Instructions to follow
Only the lines below from the one with "Para prevenir delitos" through the one with "Shin Megami Tensei Characters 51" are to be written out, exactly and without any images.

Data to use
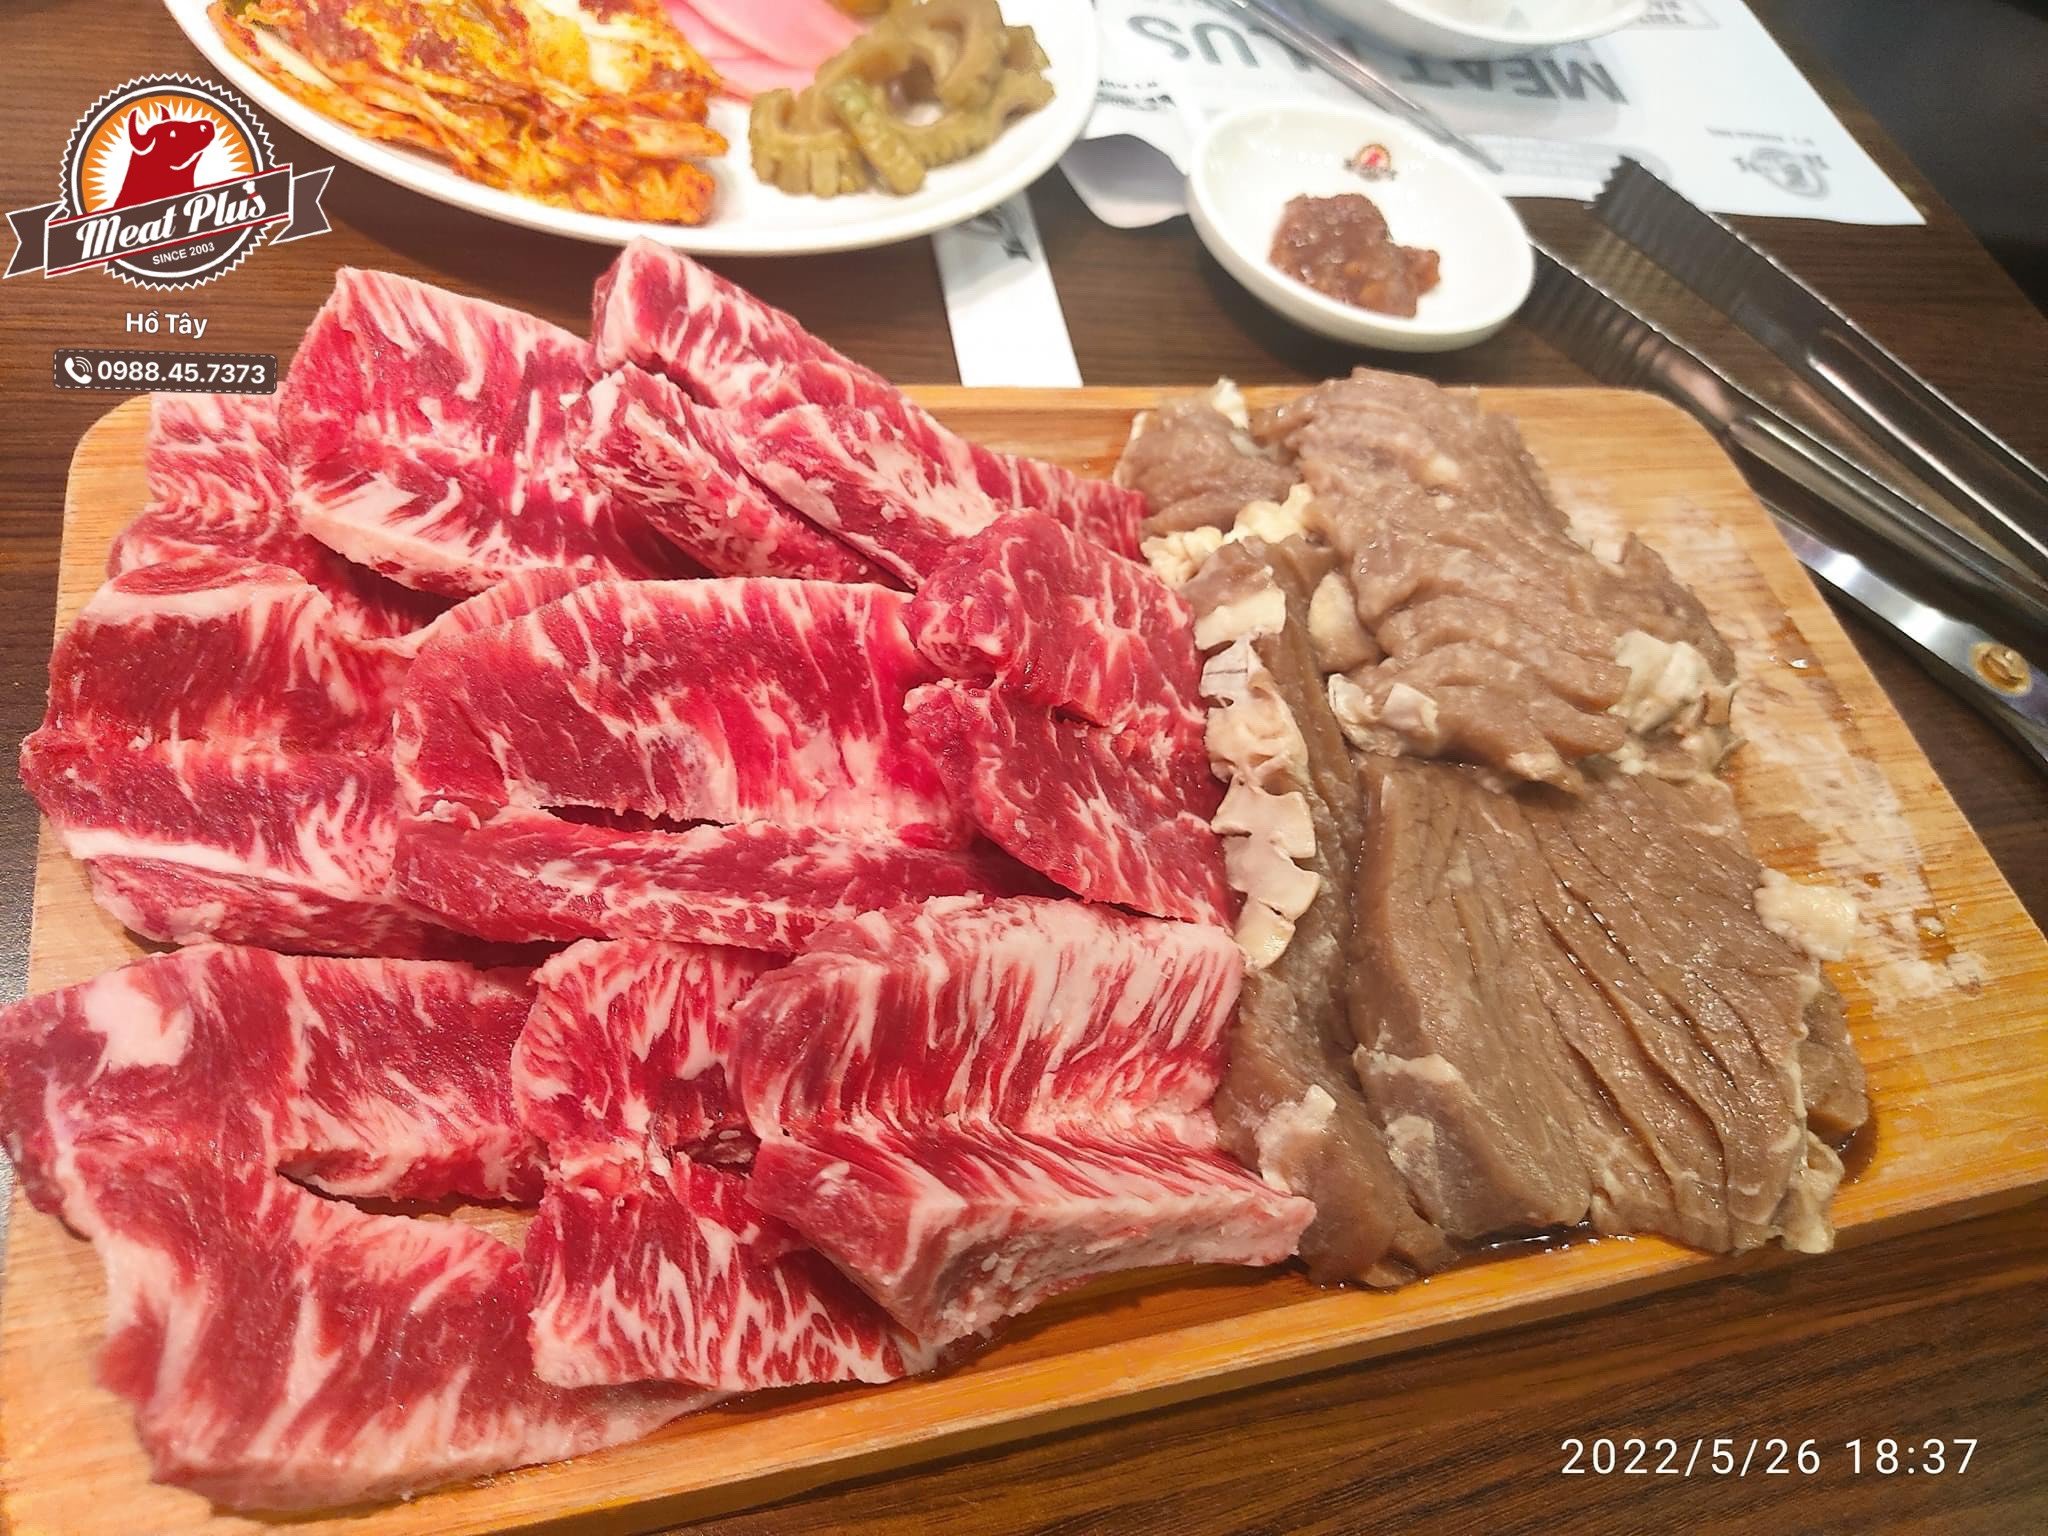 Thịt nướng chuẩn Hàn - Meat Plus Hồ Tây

==

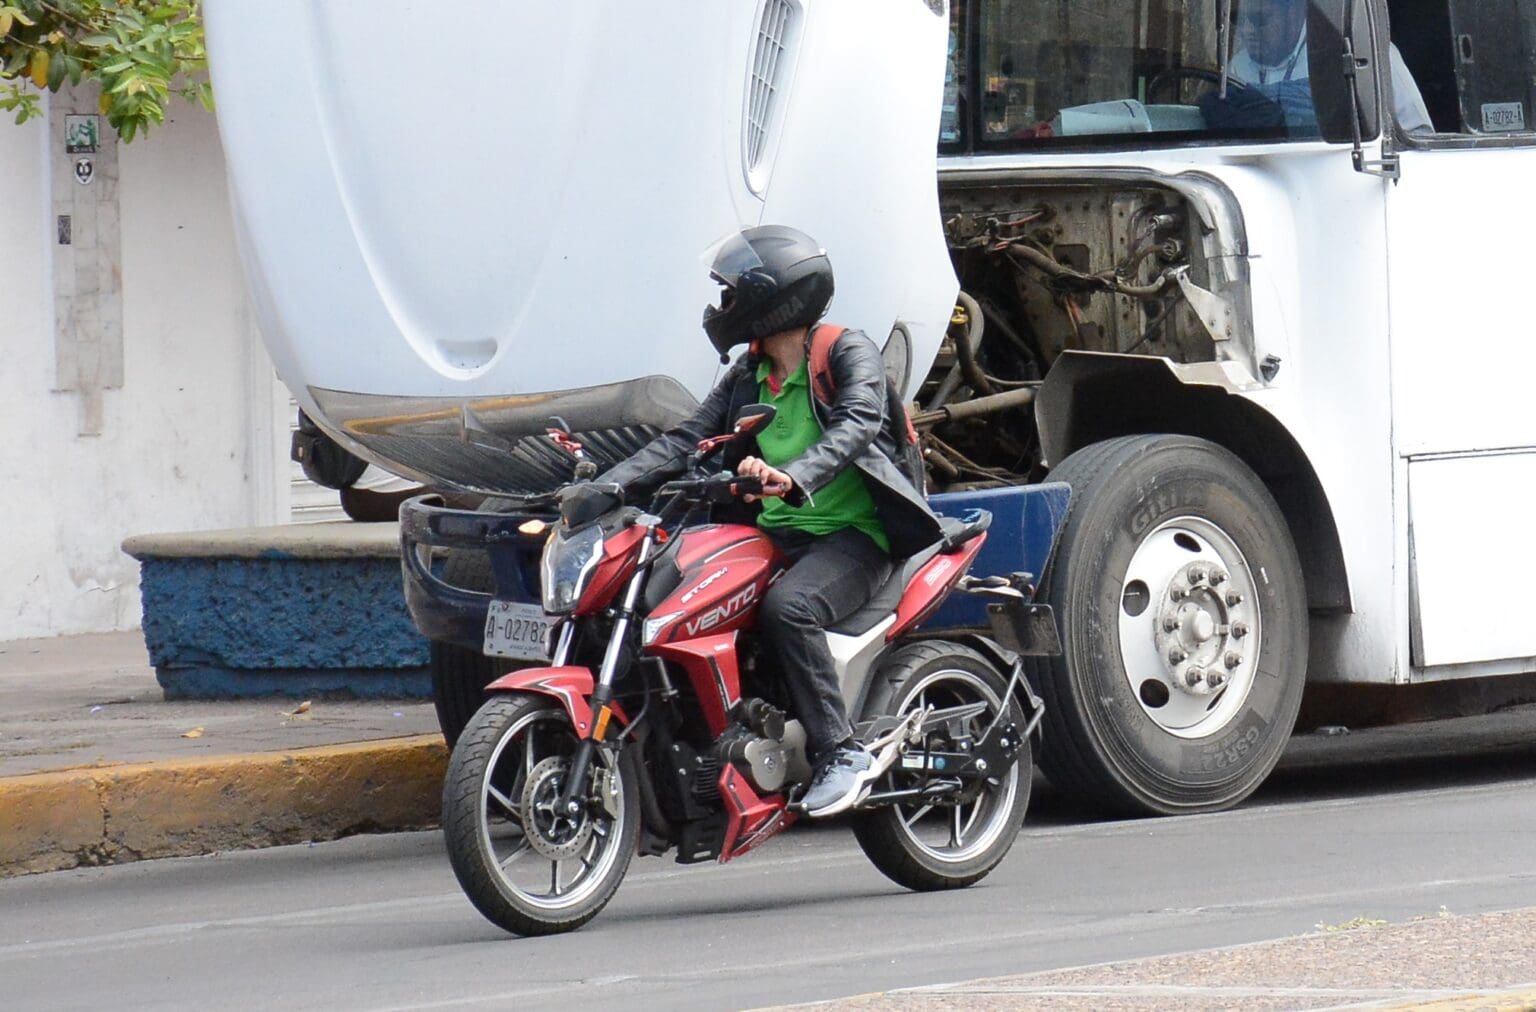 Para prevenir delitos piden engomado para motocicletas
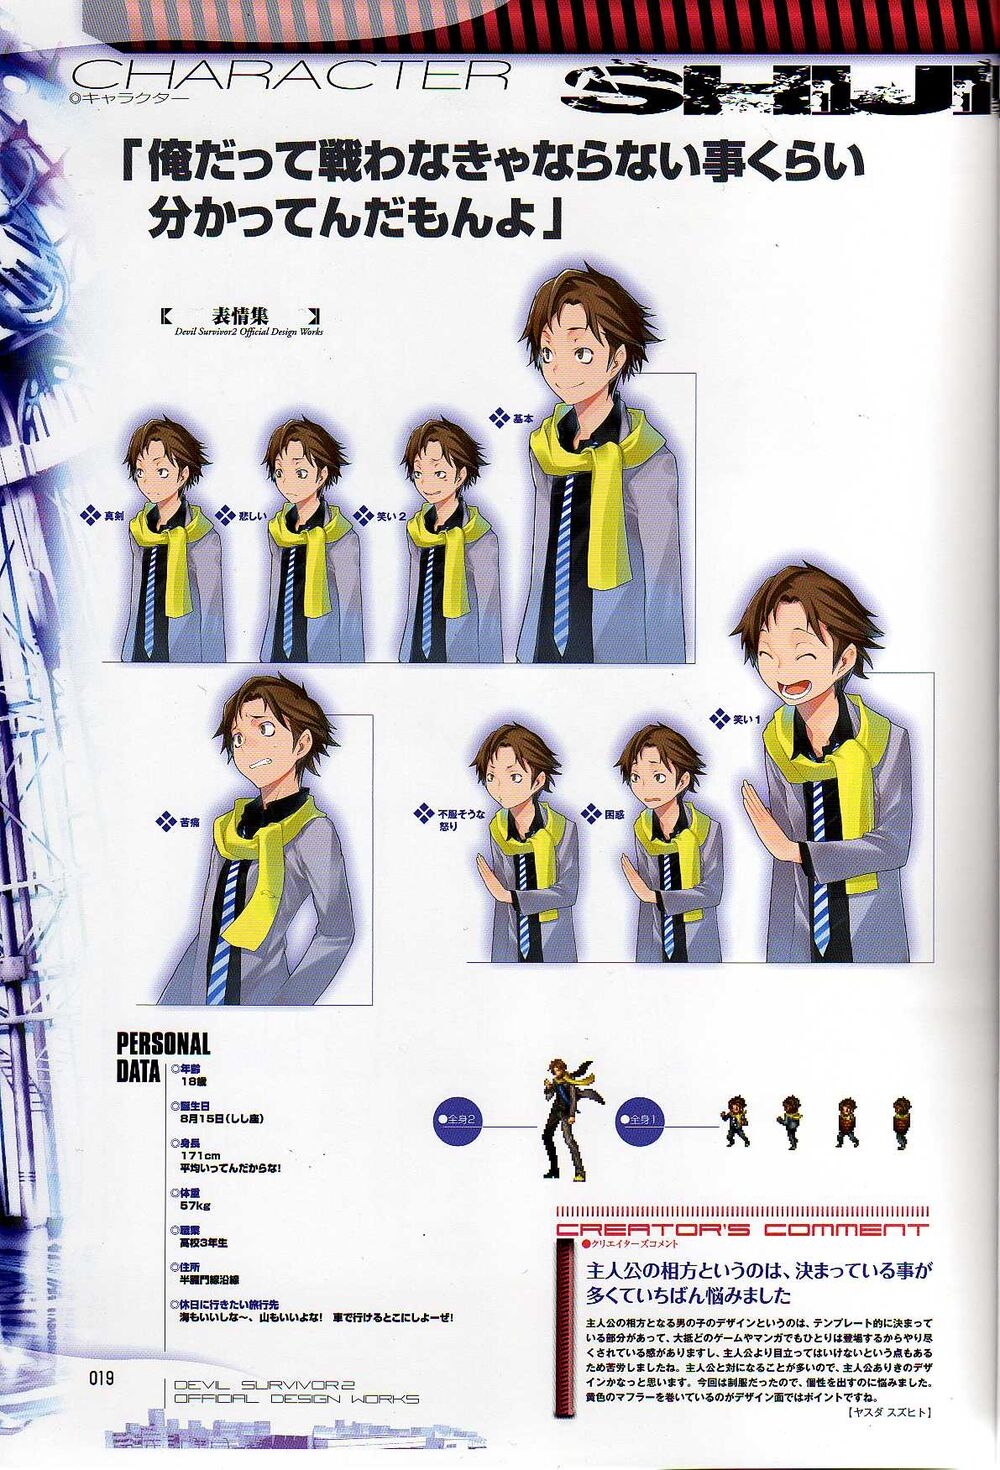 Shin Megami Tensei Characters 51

Exercise result
 Para prevenir delitos piden engomado para motocicletas
 Shin Megami Tensei Characters 51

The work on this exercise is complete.